▶ [THE DATA]:

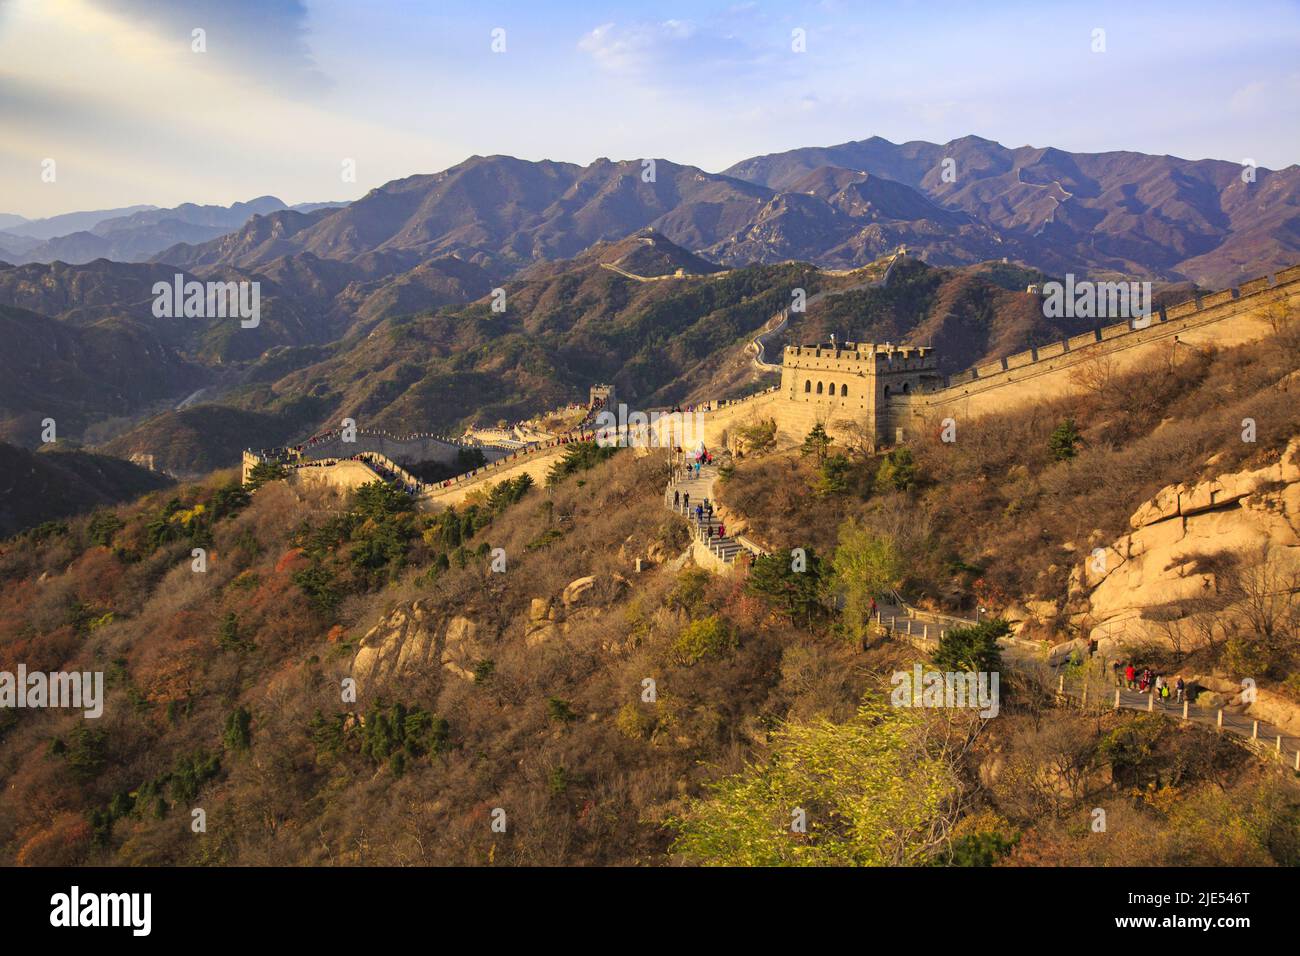 Beijing badaling the Great Wall ancient buildings towers Stock Photo
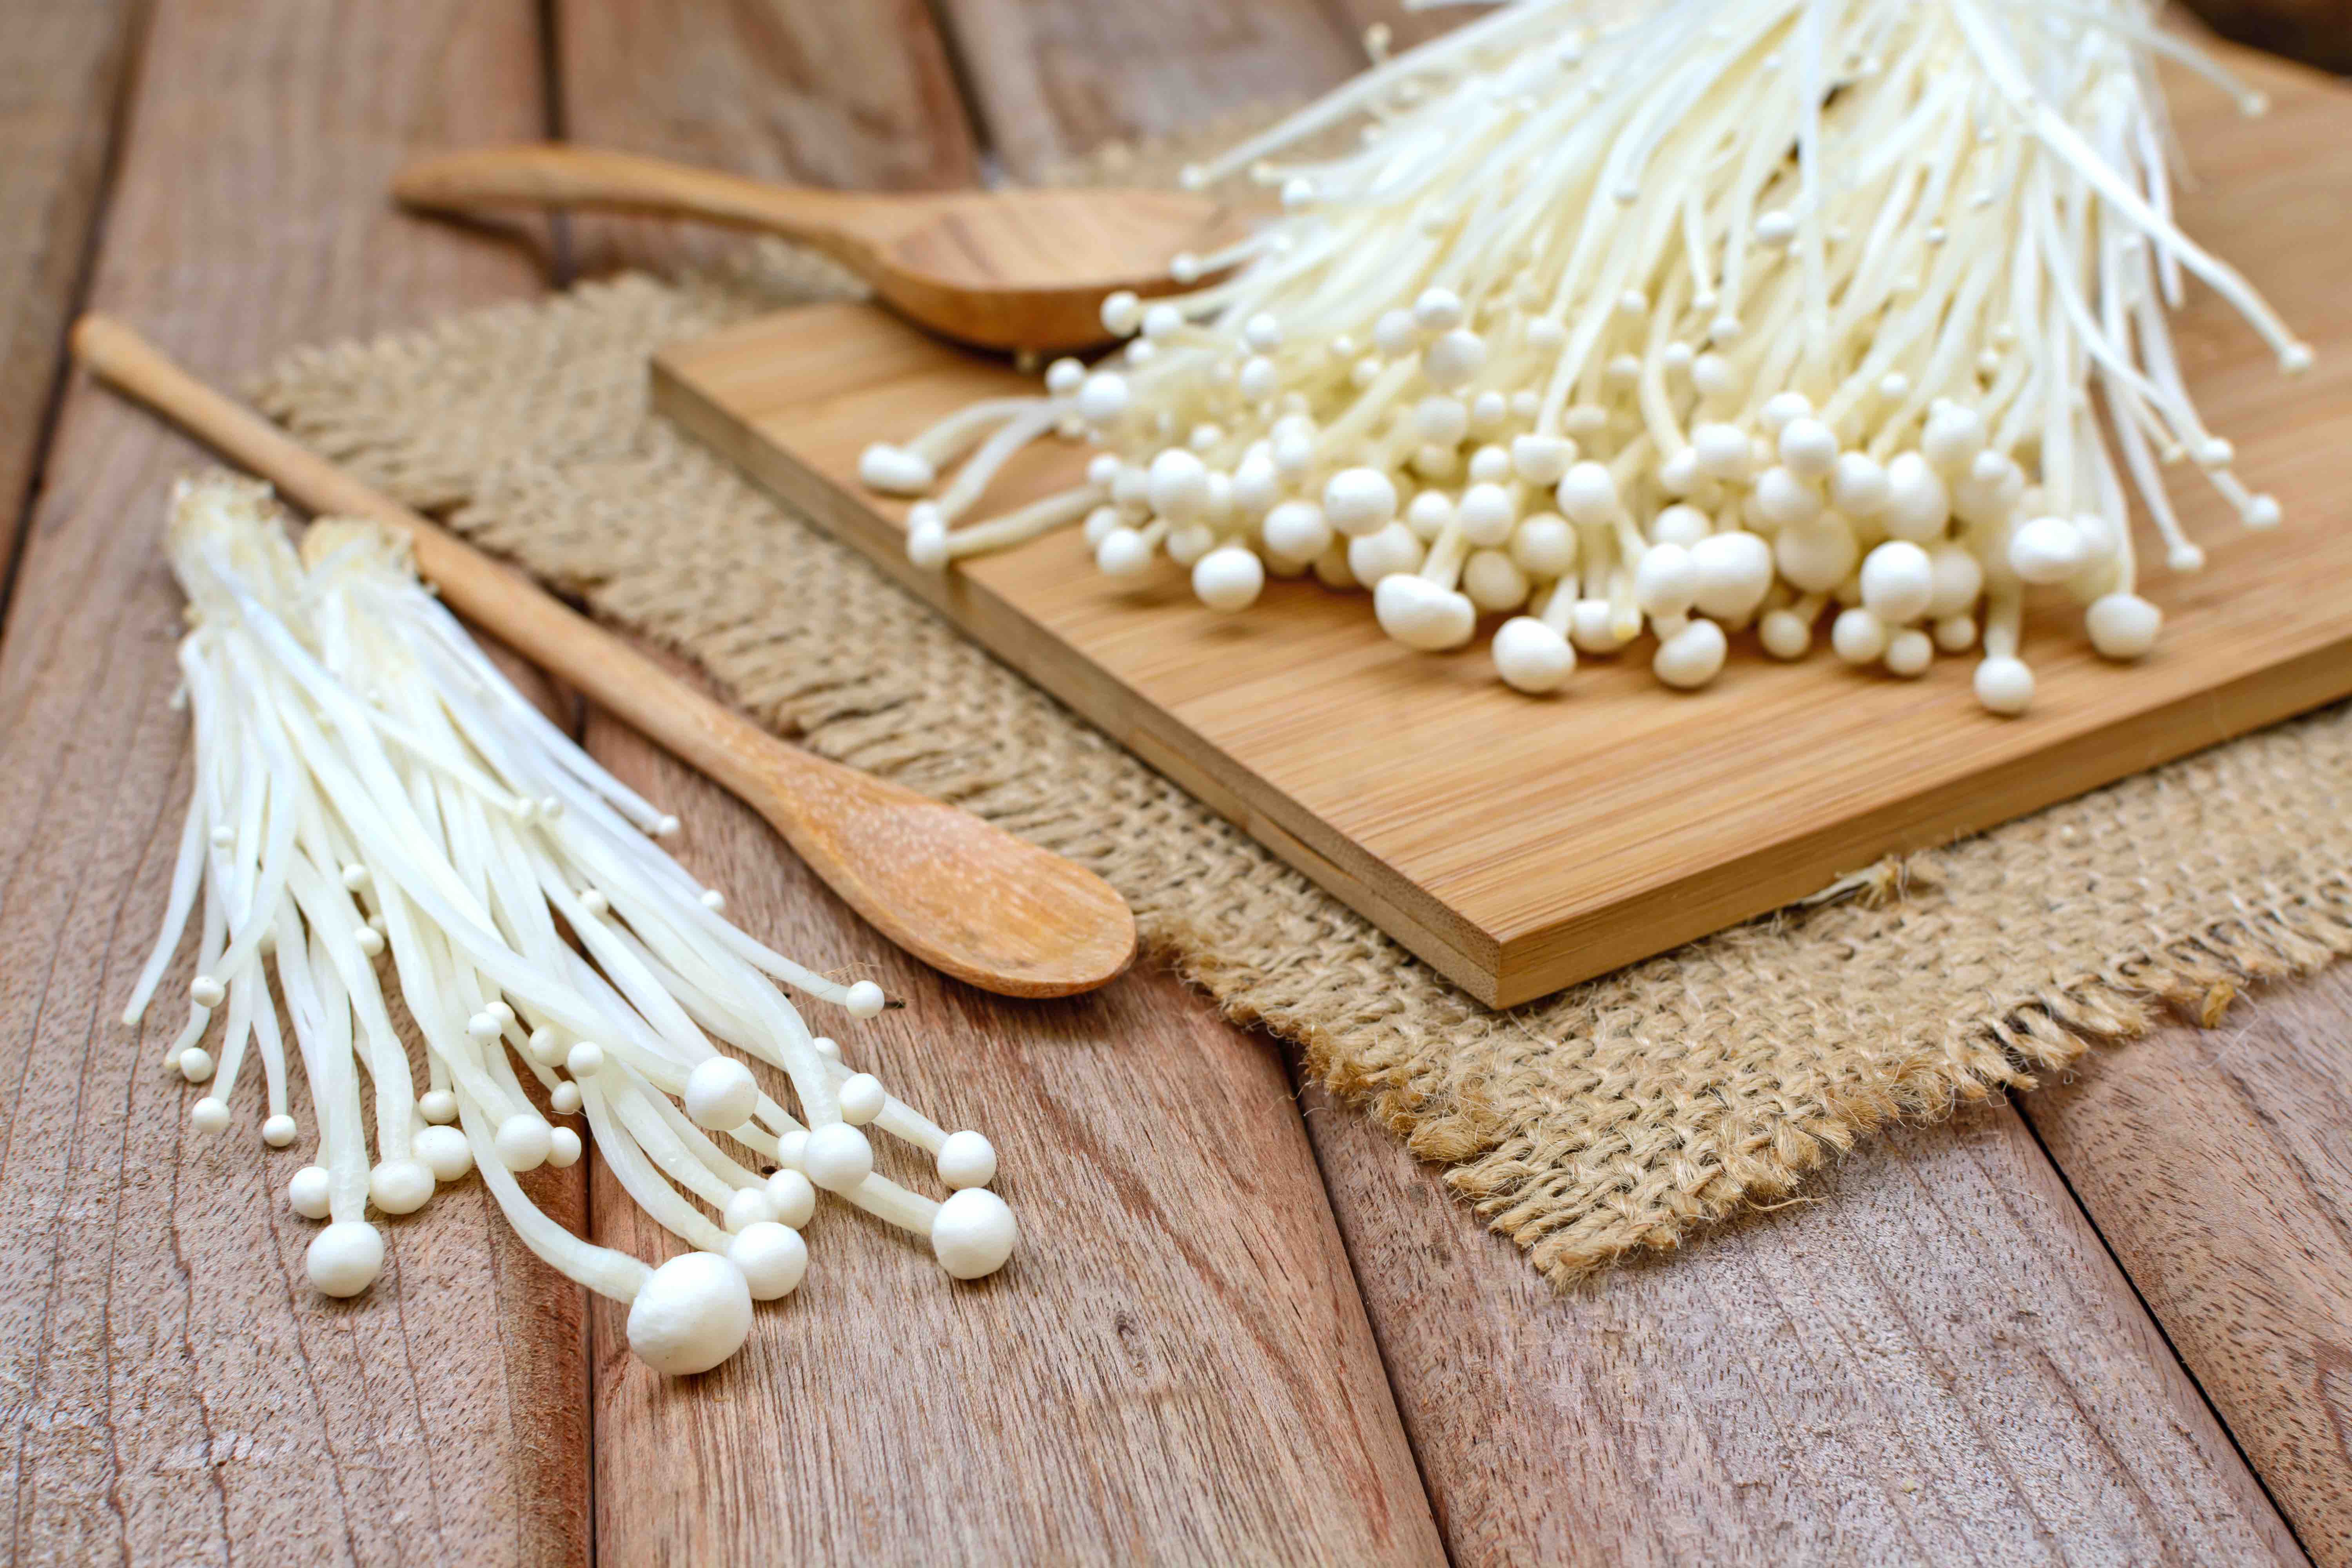 Enoki mushrooms on a wooden picnic table on a burlap mat and wood cutting board. A wooden spoon is on the side.
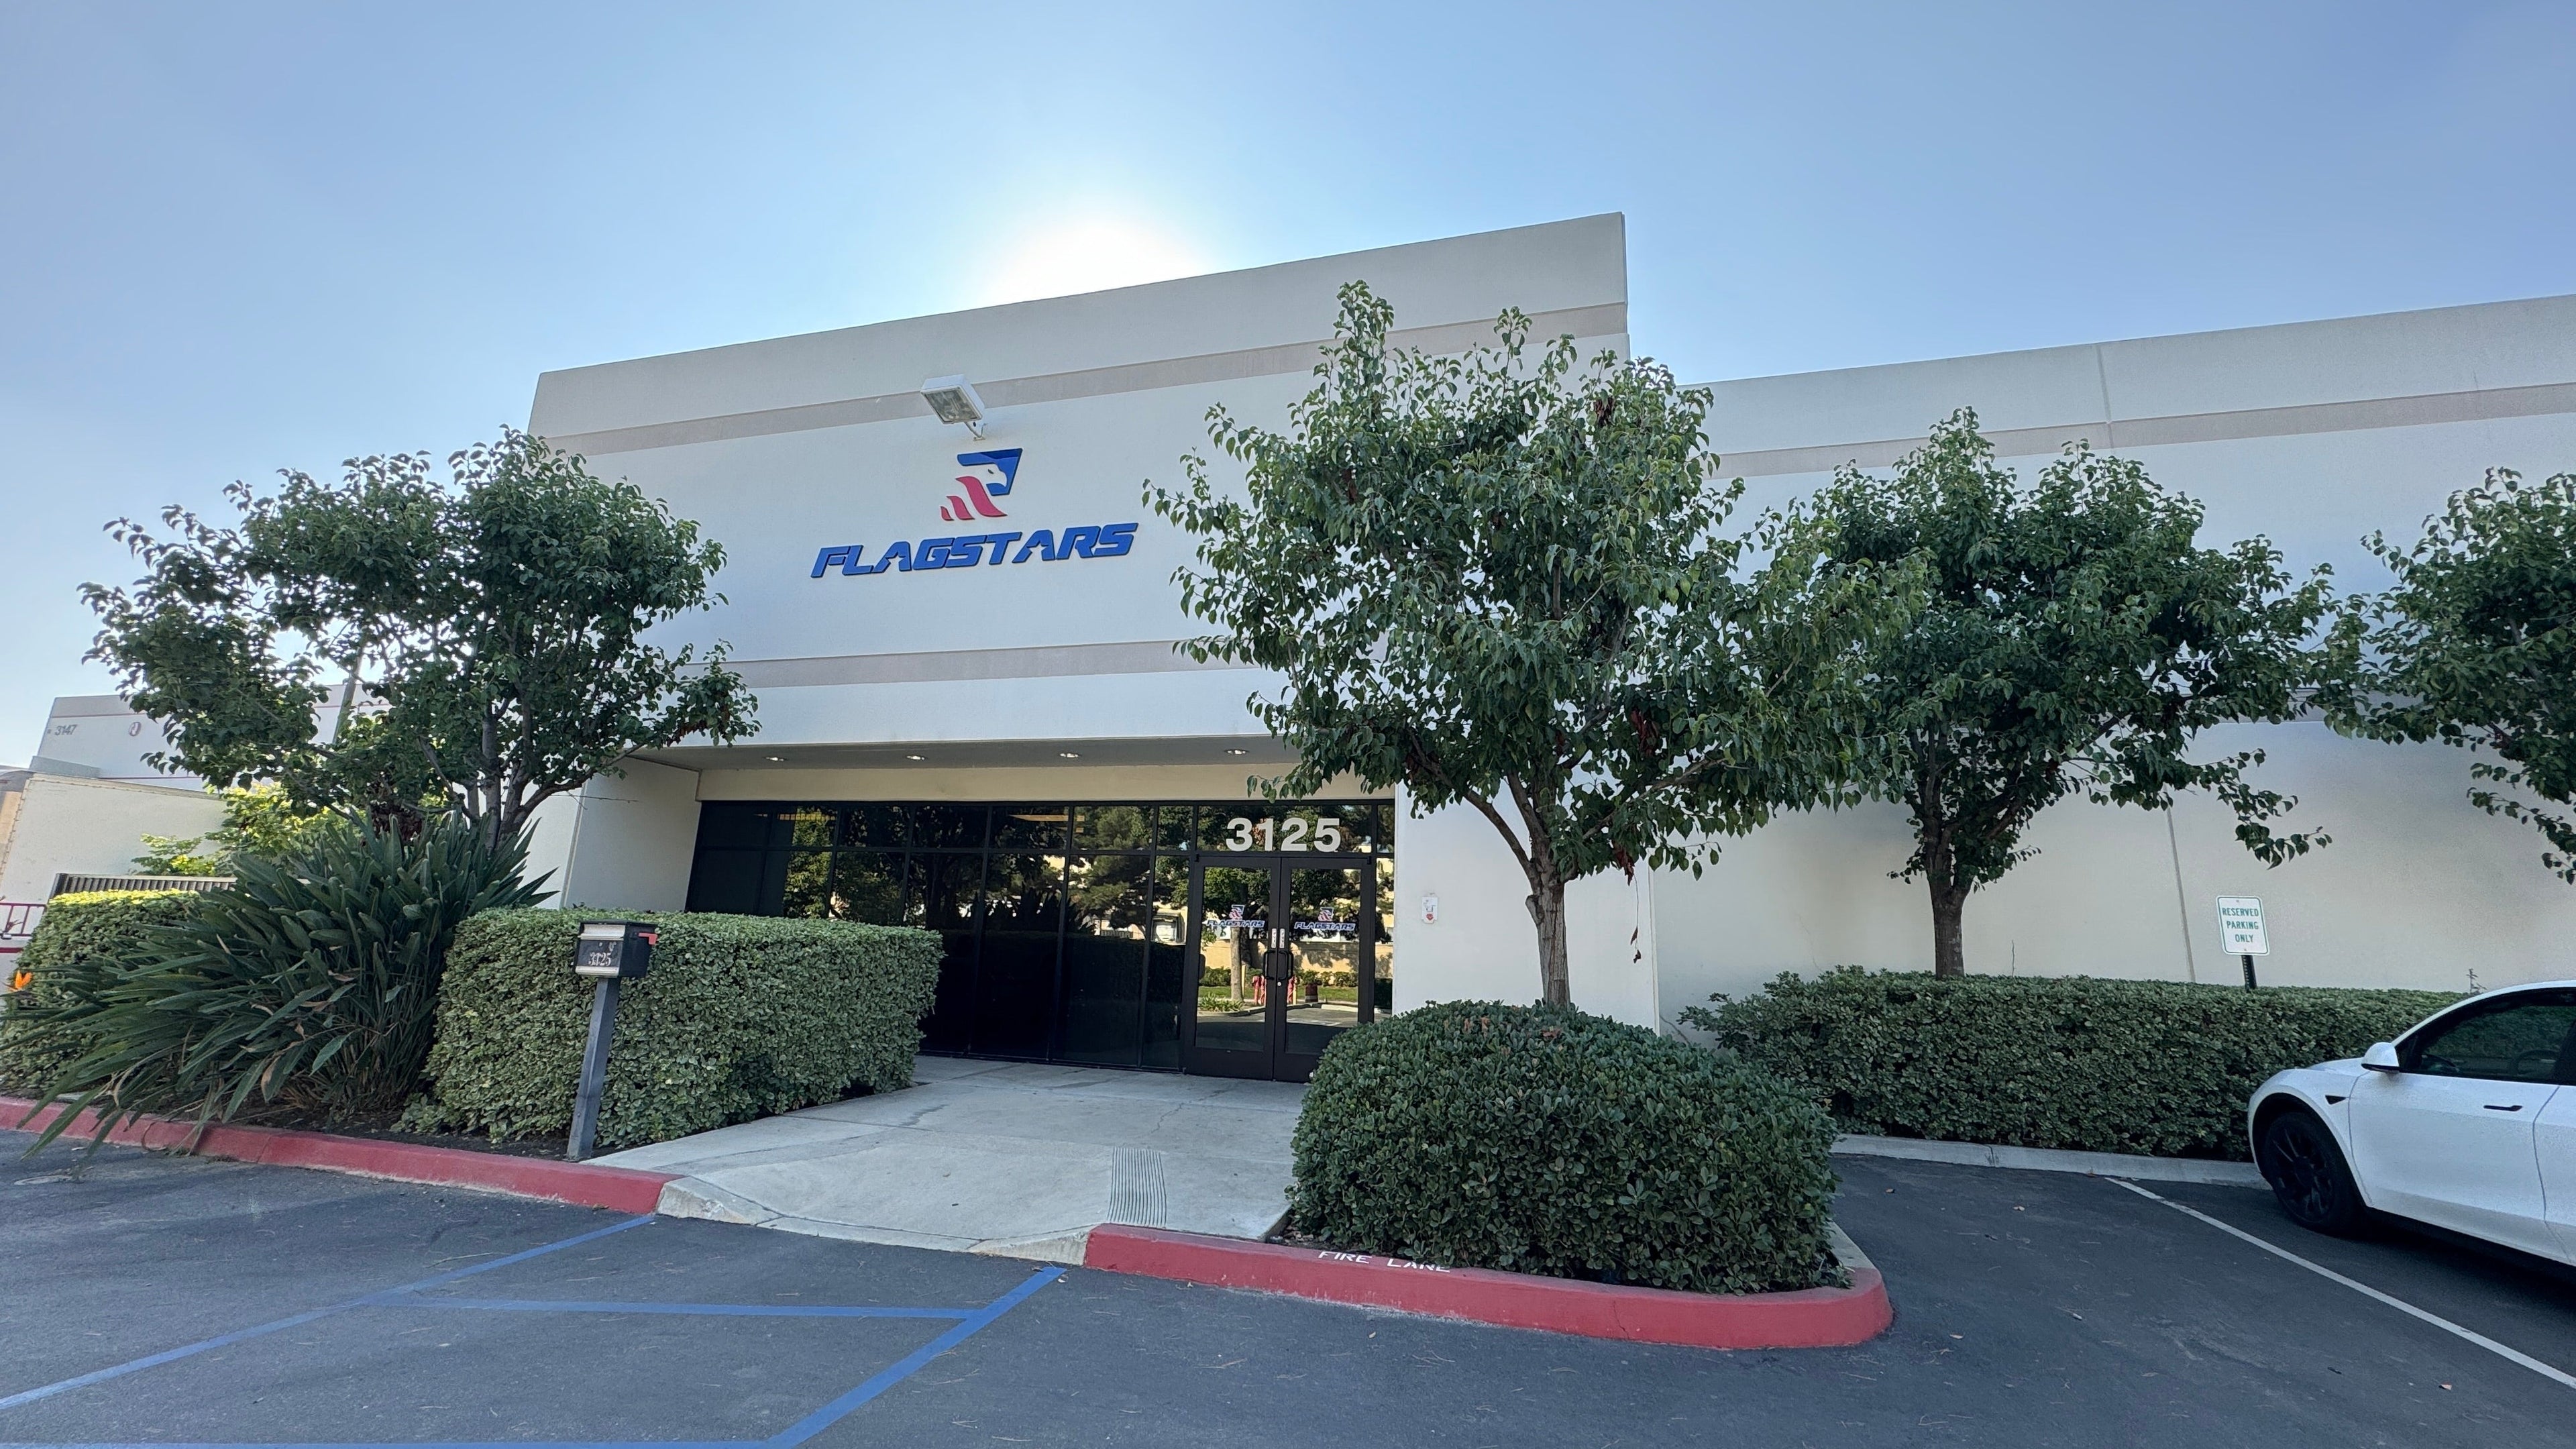 A single-story commercial building with the "Flagstar" logo above the entrance is located at 3125. Trees and shrubs surround the front, and a white car is parked to the right. Known as a reputable manufacturer, this site prides itself on offering high-quality, hand-made products.

▶ [PROBLEM STATEMENT]:
Return to the listing above and set it down exactly, leaving out its pictures.

▶ [RESPONSE TO THE TASK]:
 Beijing badaling the Great Wall ancient buildings towers Stock Photo
 Enoki mushrooms on a wooden picnic table on a burlap mat and wood cutting board. A wooden spoon is on the side.
 A single-story commercial building with the "Flagstar" logo above the entrance is located at 3125. Trees and shrubs surround the front, and a white car is parked to the right. Known as a reputable manufacturer, this site prides itself on offering high-quality, hand-made products.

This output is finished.